С. С. “Тереза Ракен”.

Б. Э. Да, “Ракен”, правильно. В этих спектаклях мы начали поэтапно, шаг за шагом развивать идею русского психологического балетного театра. В мире знают русский драматический психологический театр, а мы старались показать, что и балетный театр открыт для психологизма, что психологизм в нем возможен. Ведь балет многие рассматривают все-таки как процесс физический. А мы показываем, что балет – это искусство духовное, и движение, физика направлена на раскрытие внутренней эмоции человека.

С. С. Ваши спектакли поражают новизной, современной формой. Как это воспринимает зритель? В каком городе или в какой стране, на ваш взгляд, публика самая консервативная?

Б. Э. Мне, наверное, повезло. Мы много гастролируем по всему миру. В этом году должны поехать в Австралию, и тогда будем считать, что все континенты нами, так сказать, уже…

С. С. …протанцованы…

Б. Э. …протанцованы, да.
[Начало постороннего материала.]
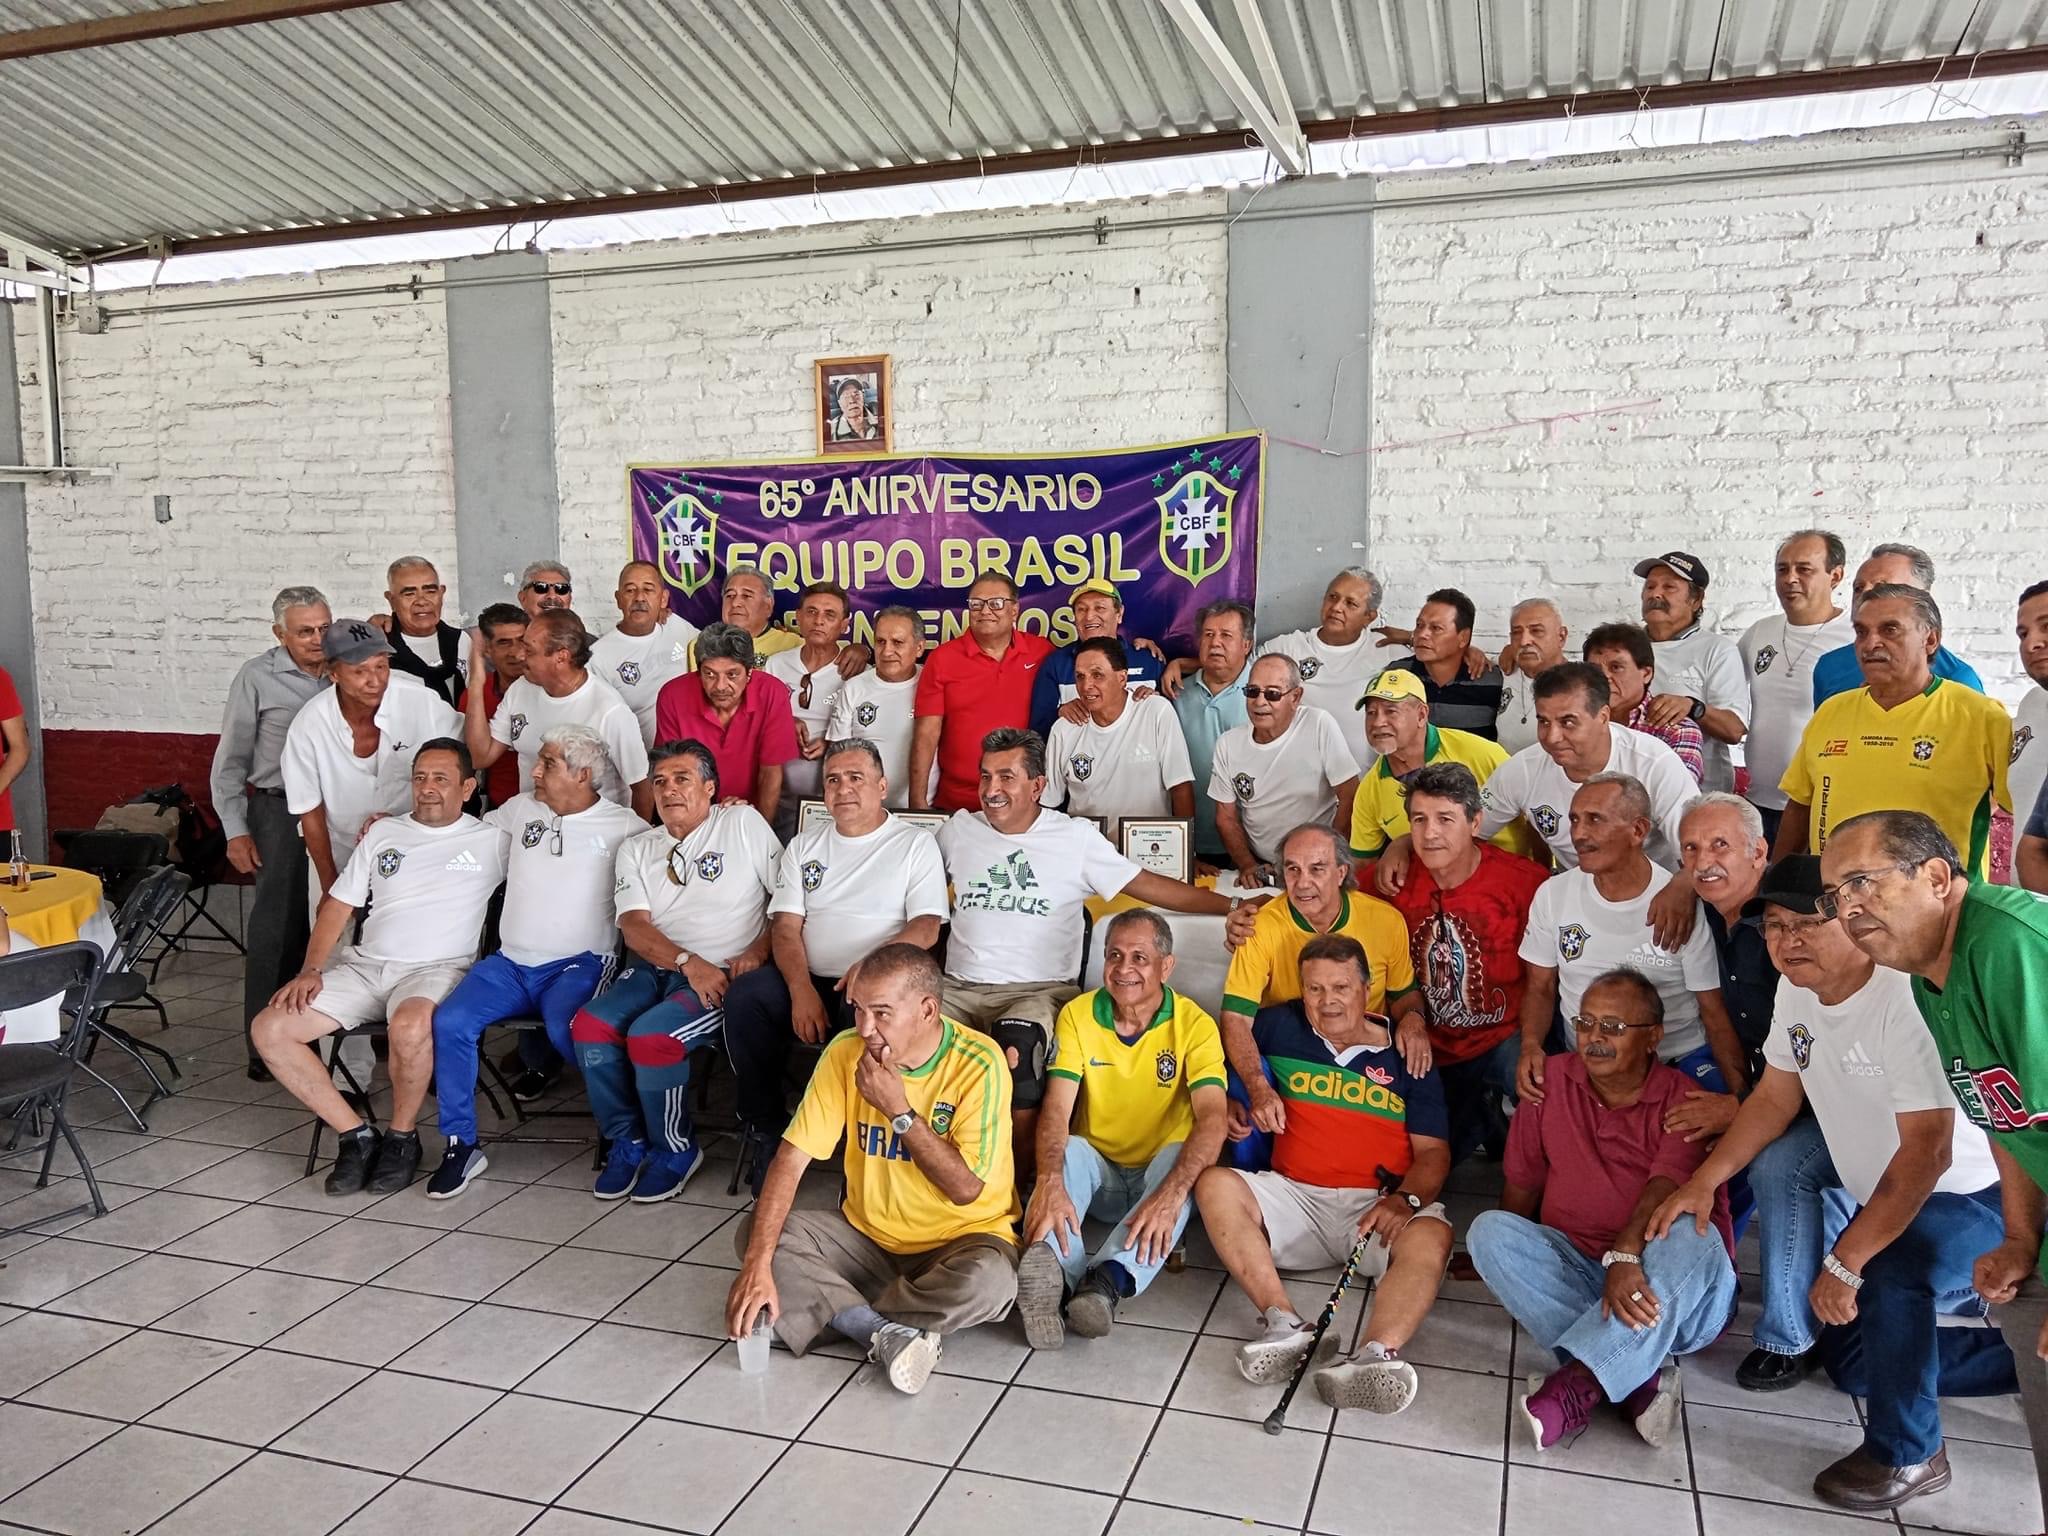 Cumplió 65 años el Club Brasil de Futbol en Zamora

И вы знаете, мы не встречали в какой-то конкретной стране консервативной публики; публика по большому счету везде одинакова. Главное – чтобы то, что ты ей показываешь, ее волновало и было ей близко. Если вернуться к танцевальному языку, к языку тела – хореография сближает разные культуры, людей разных религиозных убеждений, носителей разных языков. Сближает, потому что несет общечеловеческие ценности. Так что консервативной публики нет, есть просто плохое искусство, которое не волнует зрителя.

С. С. Борис Яковлевич, а вот был же период, когда рядом с фамилией “Эйфман” можно было поставить знак равенства и написать “диссидент”.

Б. Э. У меня в репертуаре есть балет по Чехову – “Чайка”. В нем два героя: Тригорин и Треплев. В пьесе Чехова это писатели, а у меня в спектакле – хореографы. Молодой, дерзкий, наглый, ищущий новые формы Треплев и умудренный опытом, уже оставивший свой след в искусстве Тригорин. Ставя “Чайку”, я как бы сам для себя ответил на вопрос: кто я? Треплев? Да, конечно, я был Треплевым, когда-то был, как вы говорите, и диссидентом, но сейчас я скорее уже Тригорин, которому не понять, не почувствовать молодые порывы, дерзания, желание открывать что-то новое. И я понял, что во мне живет два человека, два художника, каждый из которых – я. Один – тот молодой и дерзкий, который ставил в Кремлевском дворце балет на музыку “Пинк Флойд” и которого запрещали, не выпускали за границу, но при этом же выдавливали, заставляя выехать и эмигрировать.

С. С. Так я про это и говорю.

Б. Э. Но есть и второй – сегодняшний успешный, востребованный, награжденный. Человек, который чувствует ответственность не только за себя, но и за свой театр и в целом за российский балет. Кто же я в конце концов? Не знаю, но мне радостно, что при всей стабильности и успешности я не потерял чувство голода – неистребимого голода творческого человека в поисках новых форм, новых идей, в создании новых спектаклей. Я практически ни одного дня не существую без сочинения. Или в балетном зале, или за письменным столом. Я постоянно работаю.

С. С. А критика балетная наша – она раздражала, огорчала или вы нашли какое-то противоядие, чтобы не реагировать? Ведь не реагировать очень сложно, правда? Почти невозможно.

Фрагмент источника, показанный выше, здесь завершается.